Pakistan military and civilian leadership met after startling revelations that India was involved in spying and recording phone calls and messages of Prime Minister Imran Khan and cabinet members through an Israeli phone malware software, reported 24NewsHD TV channel quoting sources on Monday.
Sources say Pakistani authorities consulted to launch a new application for cabinet members, government officers on the pattern of WhatsApp.
Pakistan is preparing a future course of action after India tried to hack the phones of Prime Minister Imran Khan and Cabinet ministers with the help of Israeli spy malware Pegasus, sources say.

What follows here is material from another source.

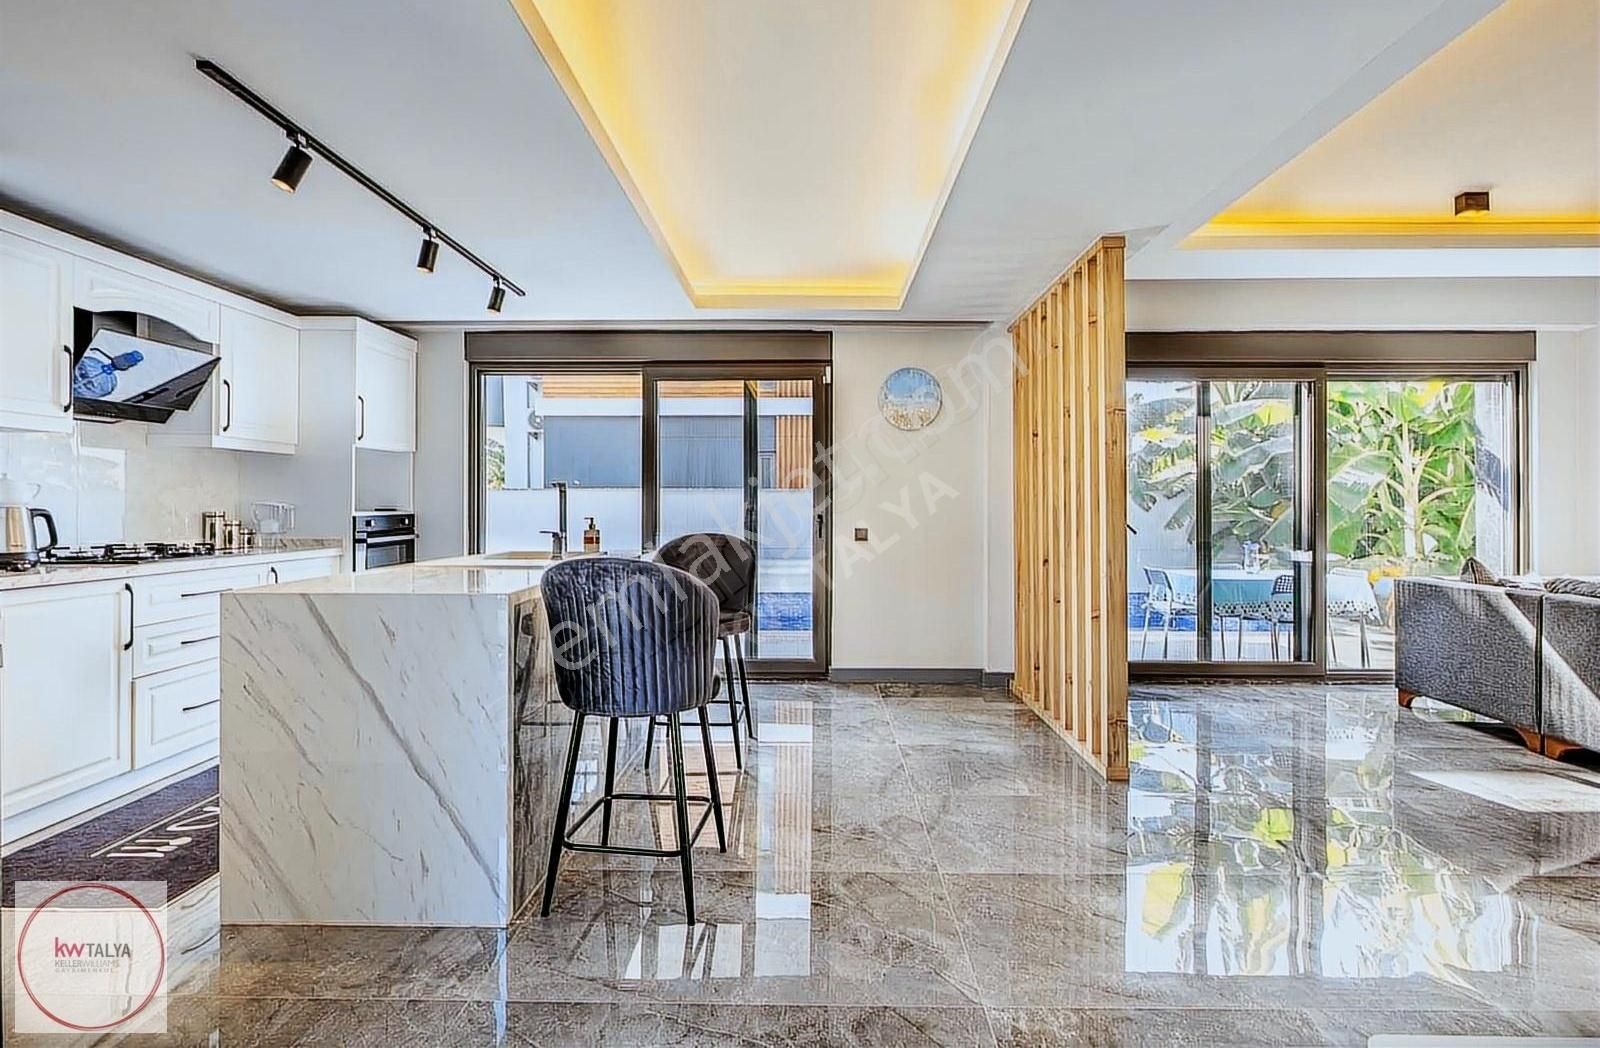 Serik Kadriye Satılık Villa ANTALYA BELEK KADRİYE'DE SATILIK 3+1 LÜKS MÜSTAKİL VİLLA

Media reports say, rights activists, journalists and lawyers around the world have been targeted with phone malware sold to the authoritarian governments by an Israeli surveillance firm. They are on a list of some 50,000 phone numbers of people believed to be of interest to clients of the company, NSO Group, leaked to major news outlets.
It was not clear where the list came from - or how many phones had actually been hacked. Media reports say the software is intended to nab criminals and terrorists and is made available only to military, law enforcement, and intelligence agencies of the countries having good human rights records.
The media reports said the original investigation which led to the reports, by Paris-based NGO Forbidden Stories and the human rights group Amnesty International, was "full of wrong assumptions and uncorroborated theories". But it added that it would "continue to investigate all credible claims of misuse and take appropriate action".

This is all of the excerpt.